» AIM OF THE TASK
Images are to be excluded, and the rest of the data repeated exactly.

» SOURCE DATA
==============================

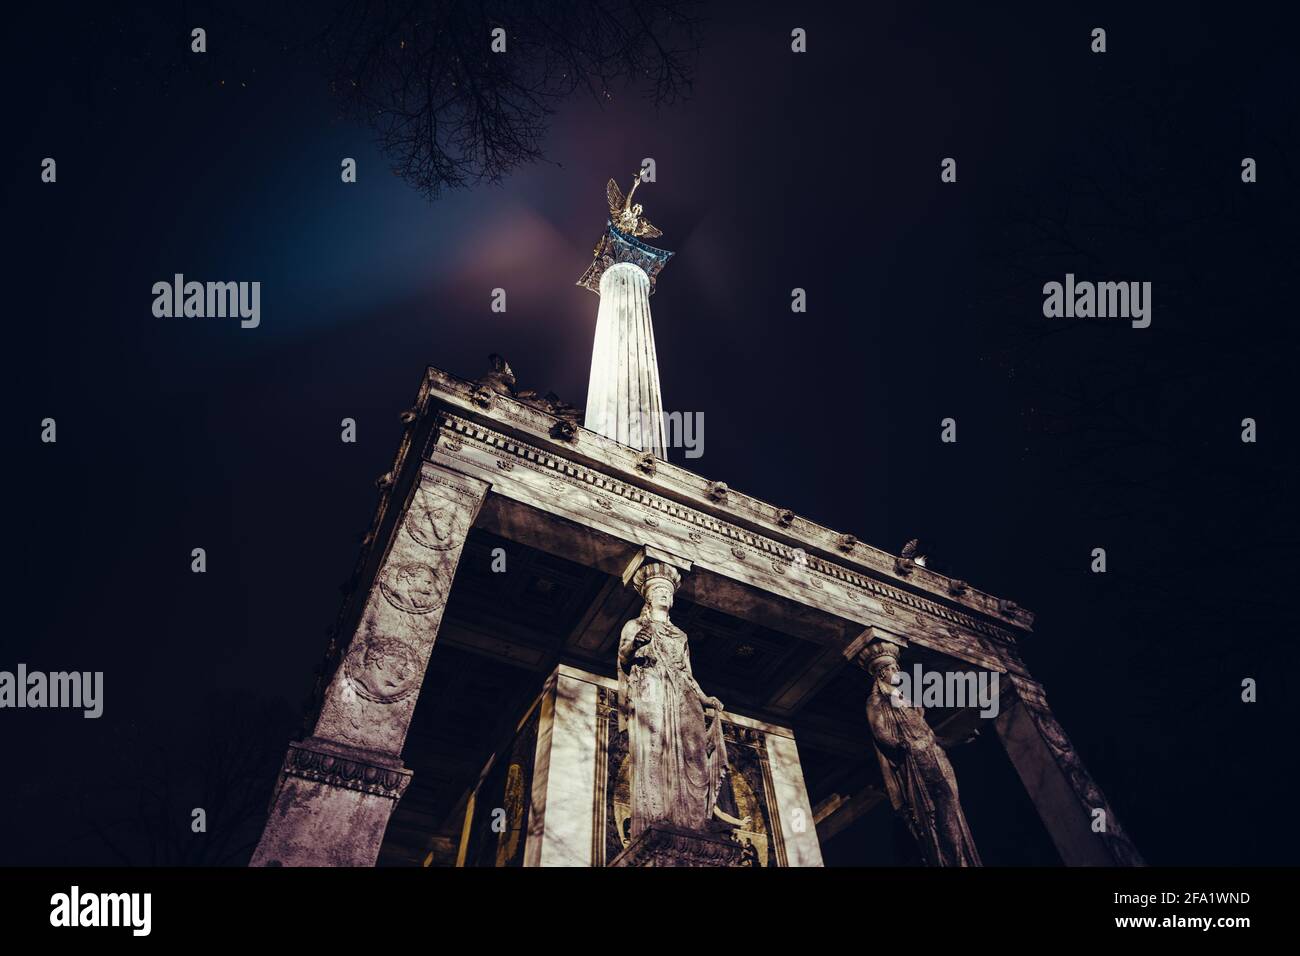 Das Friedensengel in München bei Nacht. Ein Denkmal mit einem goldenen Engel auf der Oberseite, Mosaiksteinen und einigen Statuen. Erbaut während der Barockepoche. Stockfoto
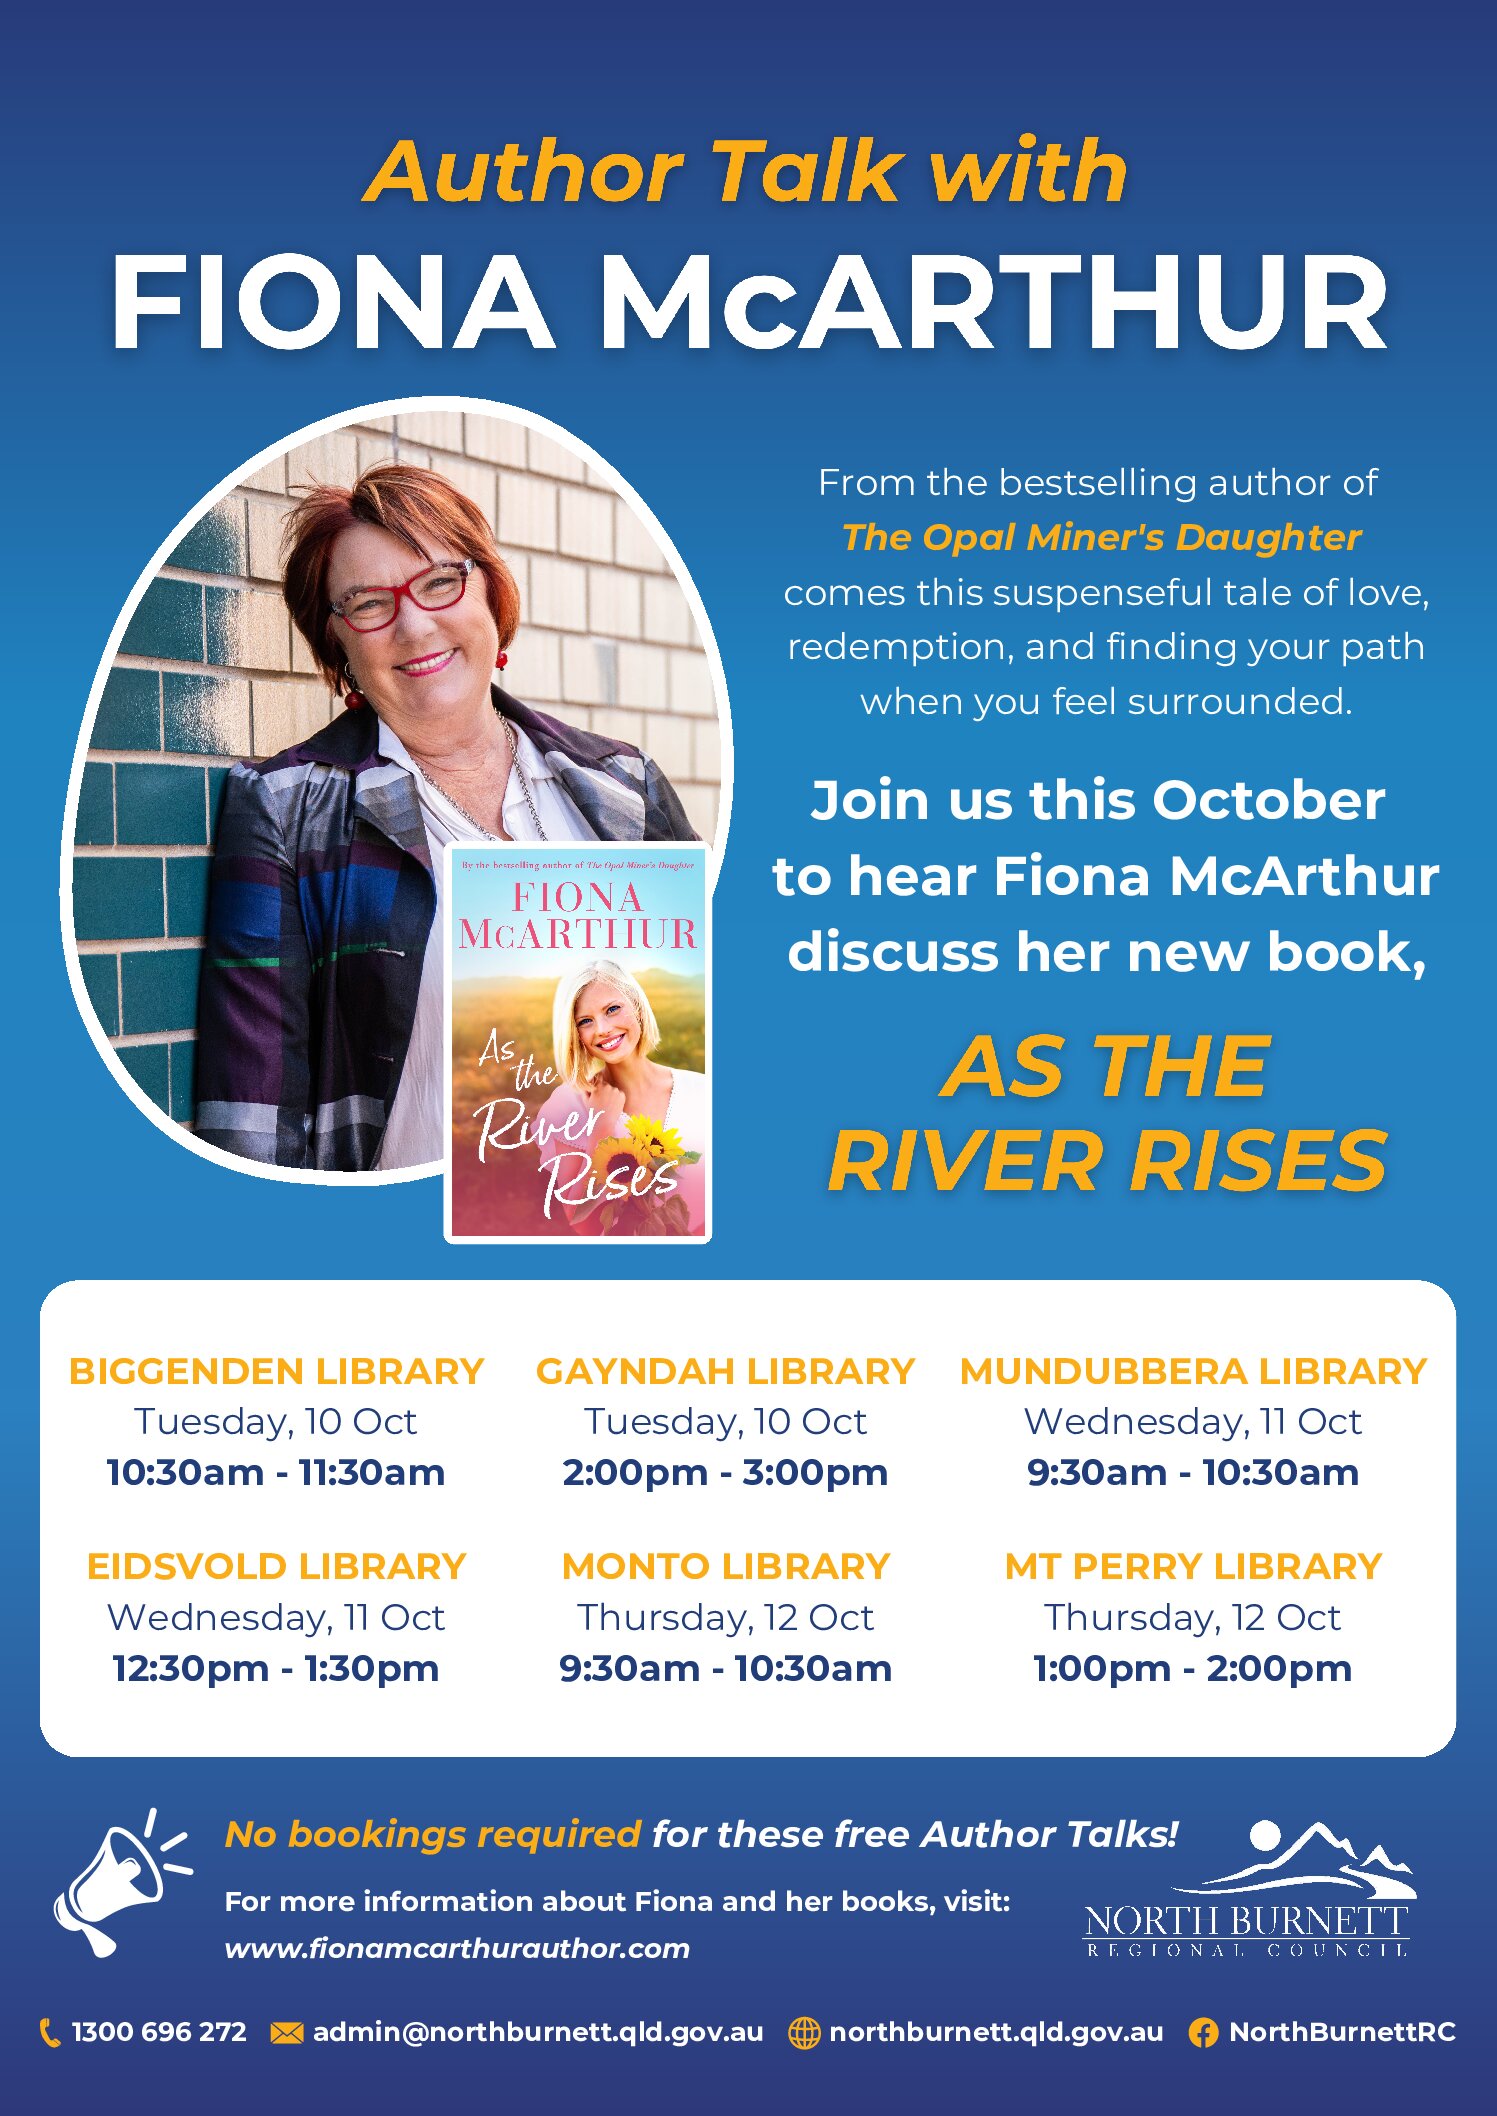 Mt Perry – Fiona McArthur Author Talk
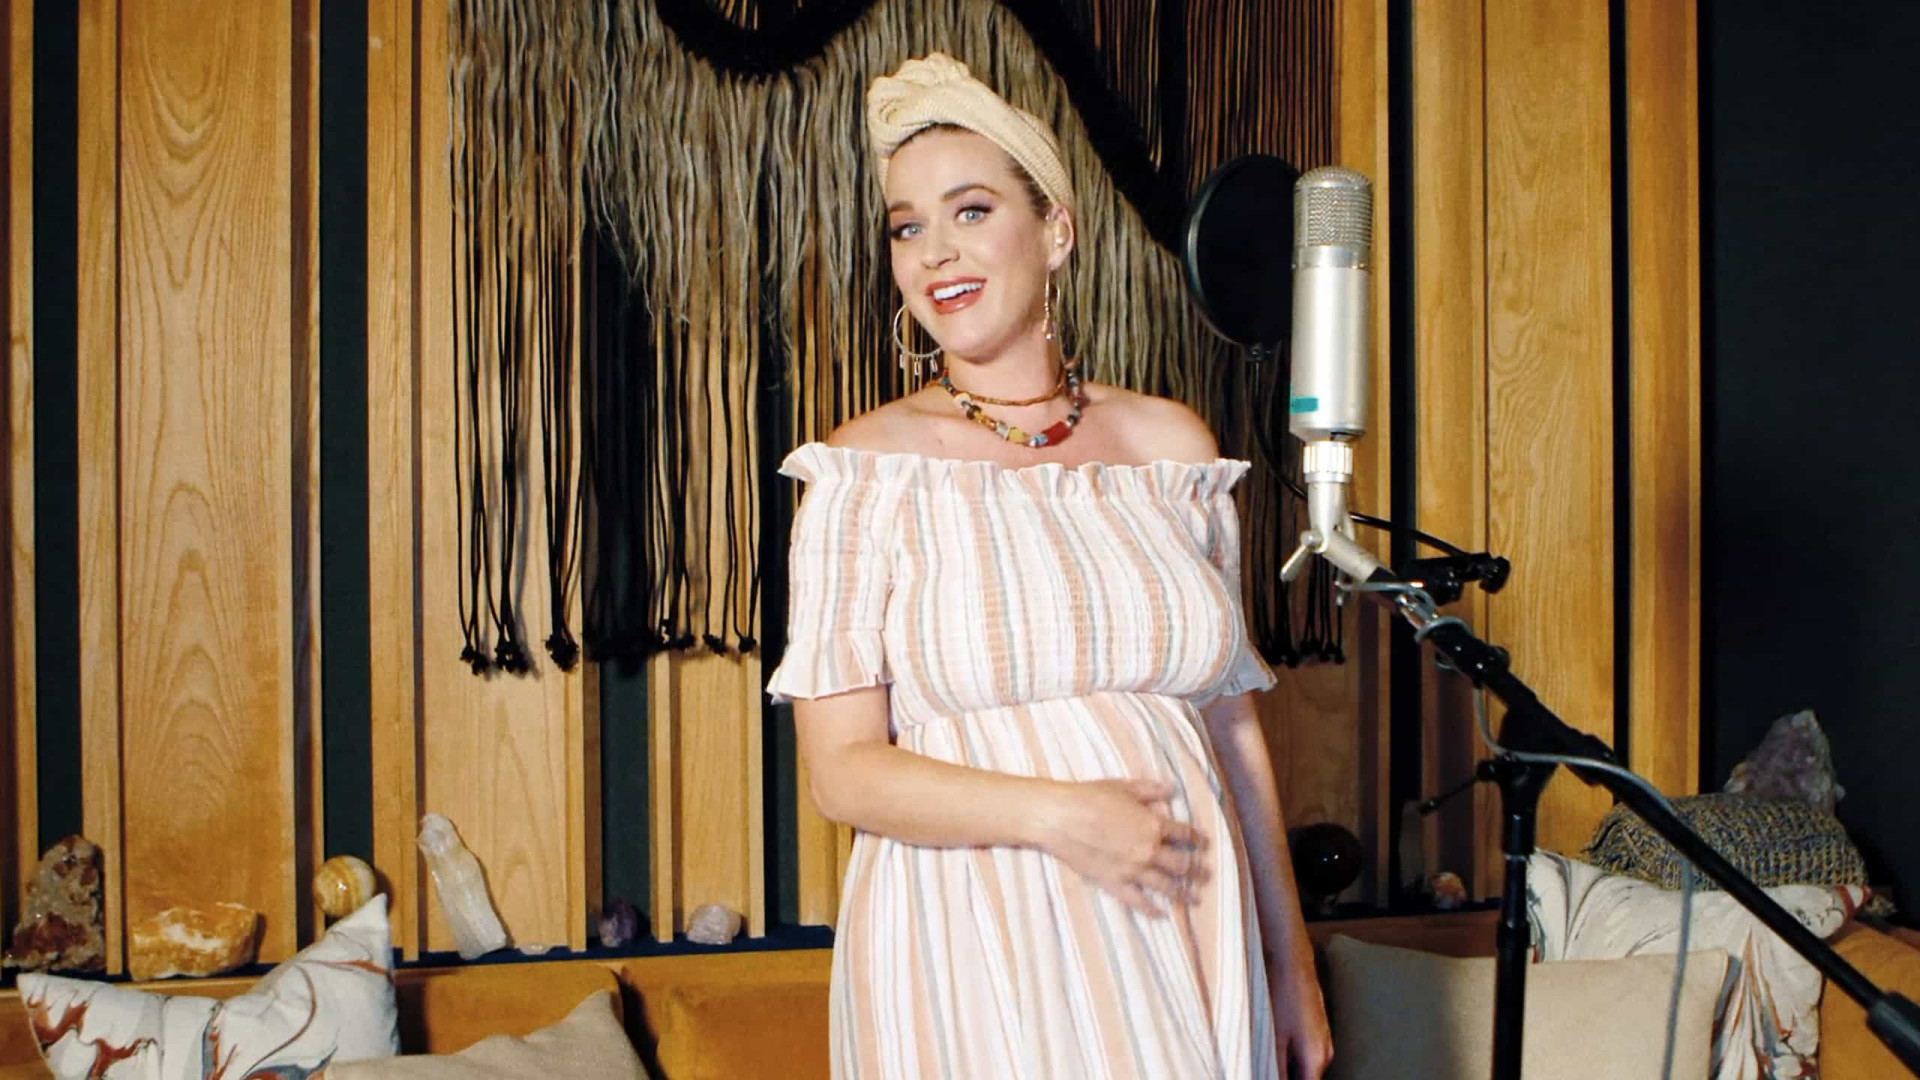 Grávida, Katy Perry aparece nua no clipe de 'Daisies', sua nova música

==============================

» WRITTEN RESPONSE
 Das Friedensengel in München bei Nacht. Ein Denkmal mit einem goldenen Engel auf der Oberseite, Mosaiksteinen und einigen Statuen. Erbaut während der Barockepoche. Stockfoto
 Mt Perry – Fiona McArthur Author Talk
 Grávida, Katy Perry aparece nua no clipe de 'Daisies', sua nova música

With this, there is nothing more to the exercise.